Presenting author biography:

Rajkumar Nalinikanta is the President of the Community Network for Empowerment (CoNE) in Manipur, India. A former drug user living with HIV for 20 years, he has worked in HIV and viral hepatitis since 2003. He leads impactful programs, including same-day hepatitis C testing and treatment in correctional facilities.

Serological response and adherence of standard dose rapid regimen catch-up hepatitis B vaccination among people who inject drugs in Manipur, India

Nalinikanta Rajkumar, Giten Khwairakpam, Dr Amit Goel
Background: Since 2012, the World Health Organization (WHO) has recommended a rapid-regimen hepatitis B (HBV) vaccination for people who inject drugs (PWID), with all three doses completed within 21 days. Although the need for prevention of HBV has been supported by WHO position papers, guidelines and the Global Fund in Grant Cycle 7, national programs utilizing rapid-regimen have seen minimal uptake due to insufficient data on its effectiveness and adherence among PWID.
Methodology: To evaluate the feasibility and effectiveness of a rapid-regimen HBV vaccination using the standard 1 ml dose (administered at 0, 7, and 21 days), a catch-up vaccination campaign was conducted from October 2017 to August 2022 in Manipur, India.
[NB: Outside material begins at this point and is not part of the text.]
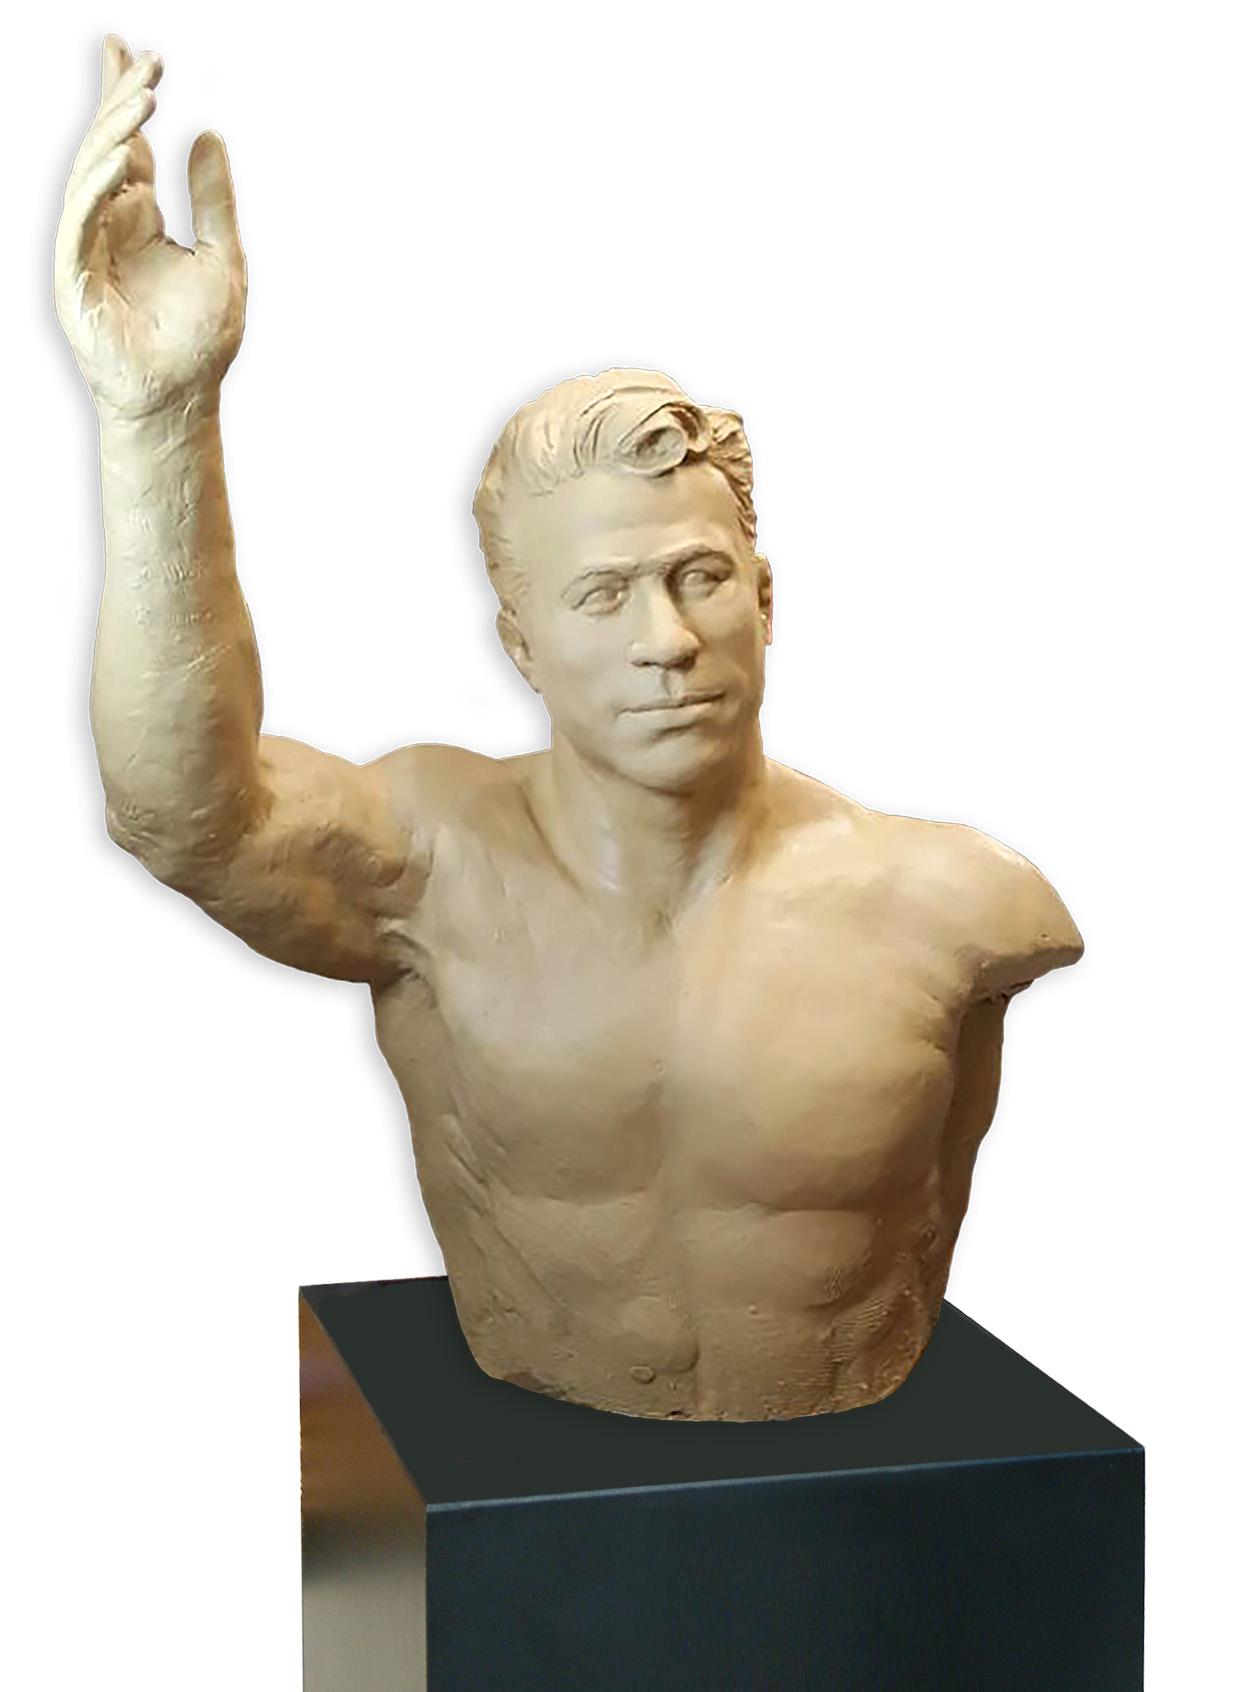 Iranian Wrestler Sculpture

During this period, 677 PWID and people living with HIV (PLHIV) received the rapid-regimen. All participants were born before introduction of national HBV birth dose vaccination program and had not previously received HBV vaccination. Chronic HBV was ruled out for all participants through negative rapid HBsAg test. To assess the effectiveness of the vaccination, anti-HBs tests were conducted on 372 participants (55%) 1 to 5 years after their initial dose.
Results: All 677 participants (100%) adhered to completing the full three-dose vaccination. Among the 372 samples tested, 316 (84.9%) achieved anti-HBs titres above 10 mIU/ml, indicating a robust immune response. 56 (15%) had titres below this threshold of which 50 received a booster dose. 43 (86%) achieved anti-HBs titres above 10 mIU/ml, indicating an improved immune response, while 7 (14%) had titres below the threshold.
Conclusion: Results demonstrates rapid HBV vaccination with a standard dose is effective among PWID and PLHIV, offering high immunity rates and easy to adhere. Wider adoption and integration of this regimen in harm reduction and closed settings, as a public health approach, could prevent new infections and improve hepatitis B control and elimination.